Operating the pipeline
PM:
Use the pm-spec subagent on "use-case-presets".
HOOK prints the next suggestion:
Use the architect-review subagent on "use-case-presets".
Architect runs and writes the ADR → hook suggests Implementer.
Implementer codes/tests; when green, sets
DONE
and summarizes changes.
Keep a short Definition of Done in each agent prompt and use slugs to tie artifacts together.
Troubleshooting (what actually happens in real life)
Hook output not visible → Print to STDOUT (not
/dev/tty
) and register both SubagentStop and Stop.Hooks not loading → Settings JSON wasn’t valid or wasn’t applied. Keep one top-level object and review/apply changes so the runtime reloads hooks.
No next-step suggestion → Queue wasn’t updated to
READY_FOR_*
; fix the agent or manually flip the status and re-run the hook.Tool sprawl → If you omit
tools
in a subagent, it inherits all available tools (including MCP). Whitelist intentionally.
Improving the work of subagents
When a subagent performs poorly—such as neglecting a necessary tool or mismanaging a task—developers are encouraged to use iterative prompting to refine agent behavior. This process typically involves:
Supplying context on the failed action (what the subagent did versus what it should have done).

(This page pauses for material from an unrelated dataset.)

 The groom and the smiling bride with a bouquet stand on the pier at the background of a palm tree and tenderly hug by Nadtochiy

Explaining the expected result, making it clear how the agent should act differently next time.
Passing in the relevant .md configuration file to allow Claude to analyze and suggest precise modifications.

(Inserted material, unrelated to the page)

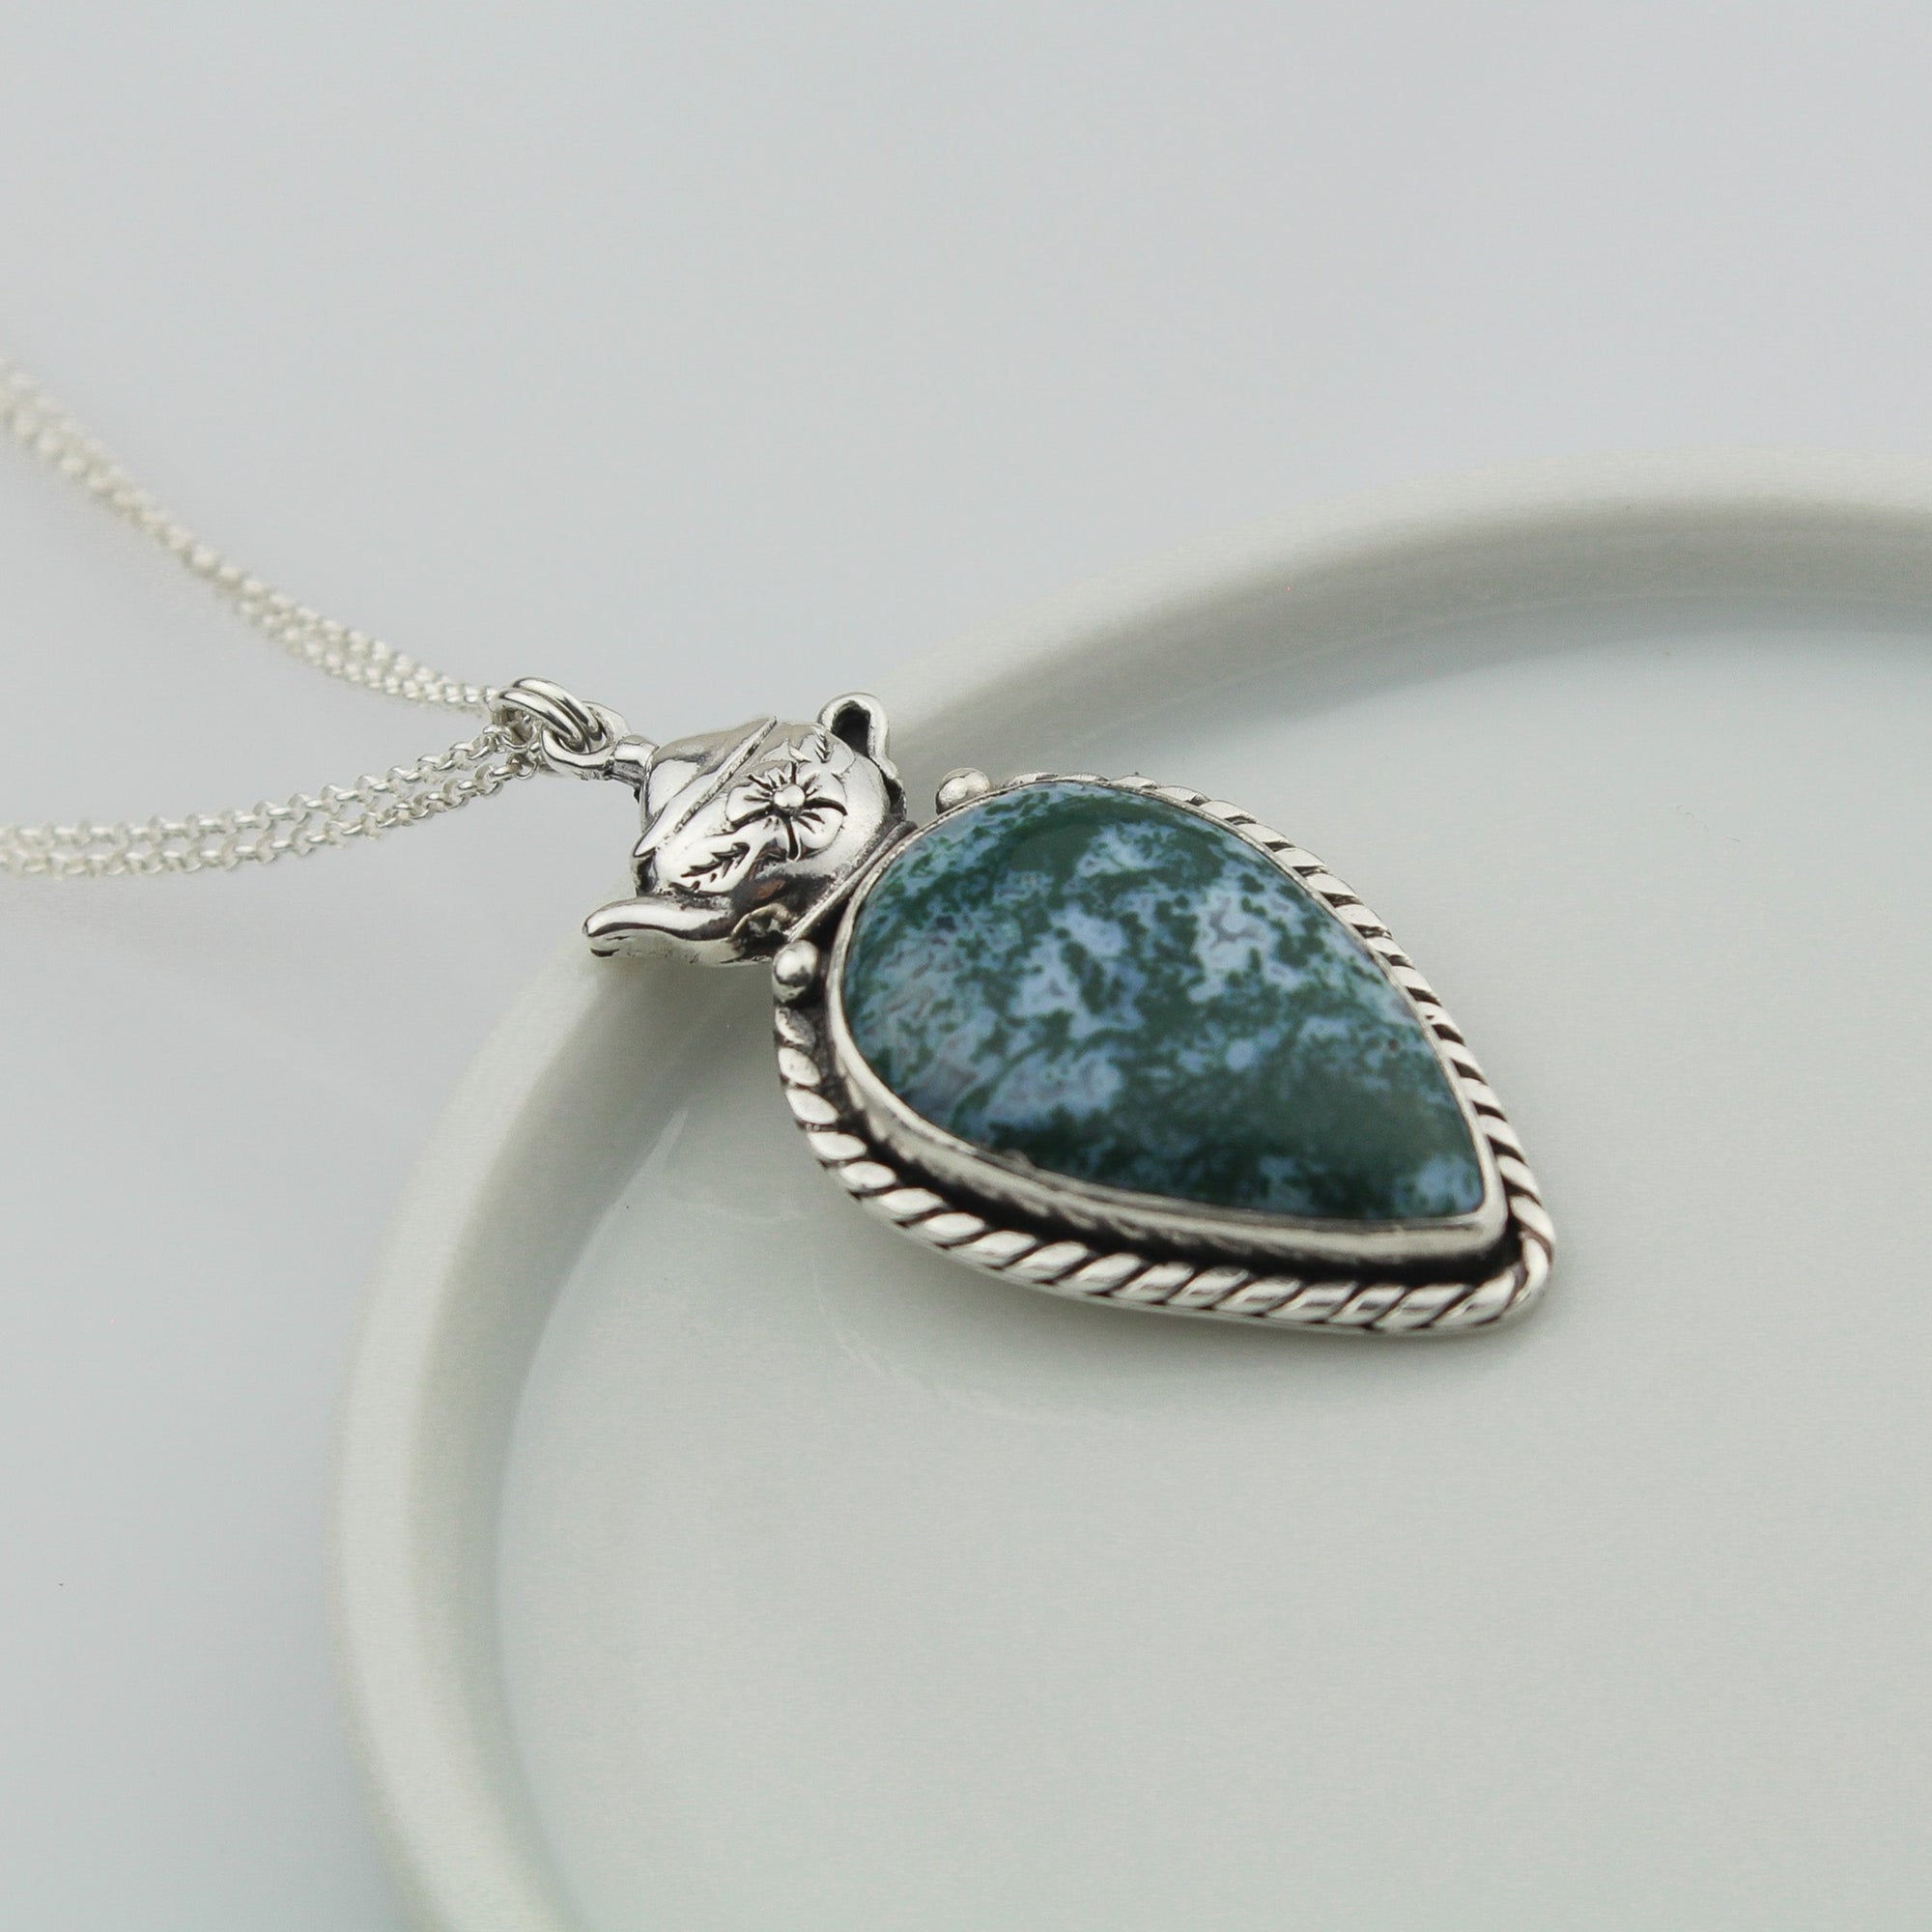 handmade necklace 925 sterling silver pendant, moss agate stone with teapot charm on top

Context, Customization, and Continuous Improvement
With each refinement, updated .md files maintain an auditable history of agent behavior and can be version-controlled. This approach allows custom subagents to become more specialized, efficient, and reliable over time—especially when developers proactively identify workflow failures and provide Claude Code with structured context for improvementment.
Plan and Thinking Mode Considerations
Unlike the main Claude agent, subagents in Claude Code currently do not support generating or executing stepwise plans; they begin executing assigned tasks right away. Additionally, there is no interactive “thinking” mode or transparent intermediate output, making it challenging to monitor progress or debug issues until after subagent execution finishes. This tradeoff yields parallel productivity but reduces real-time visibility.
Handling Subagent Permissions (with MCP Servers)
When integrating subagents with MCP servers, explicit attention must be paid to tool and resource permissions. subagents must be granted access to the specific MCP tools or resources required for their tasks—if these aren't included in the subagent’s .md configuration (or set via the /agents interface), the subagent will be unable to utilize those features. Failure to configure permissions correctly can lead to denied operations or persistent permission prompts that block execution, especially for file access or server-bound requests.
Practical Tips
Carefully specify which tools and server resources are accessible to each subagent via its tools field or the Anthropic agent management command.
Review permissions regularly, especially after changes to server setups or security settings, to avoid broken workflows or security gaps.
For workflows requiring observable, incremental steps, assign those tasks to the main Claude agent rather than subagents.
By understanding these operational details and configuration nuances, it’s possible to leverage subagents for specialized, parallelized tasks while maintaining secure, controlled access to sensitive tools and environments.
Closing thoughts
Subagents + hooks turn Claude Code from a helpful AI into a repeatable engineering system for us here at PubNub. We get faster onboarding, safer automation, and clean handoffs, yet still keeping humans firmly in the loop. If you already use Claude Code, you can turn any repo into a subagent workflow with a day’s effort.
Remember to keep experimenting: try different workflows, explore agents in a various ways you can work with them so they can refine how they work with Claude Code, and find a workflow that works the best for them and you.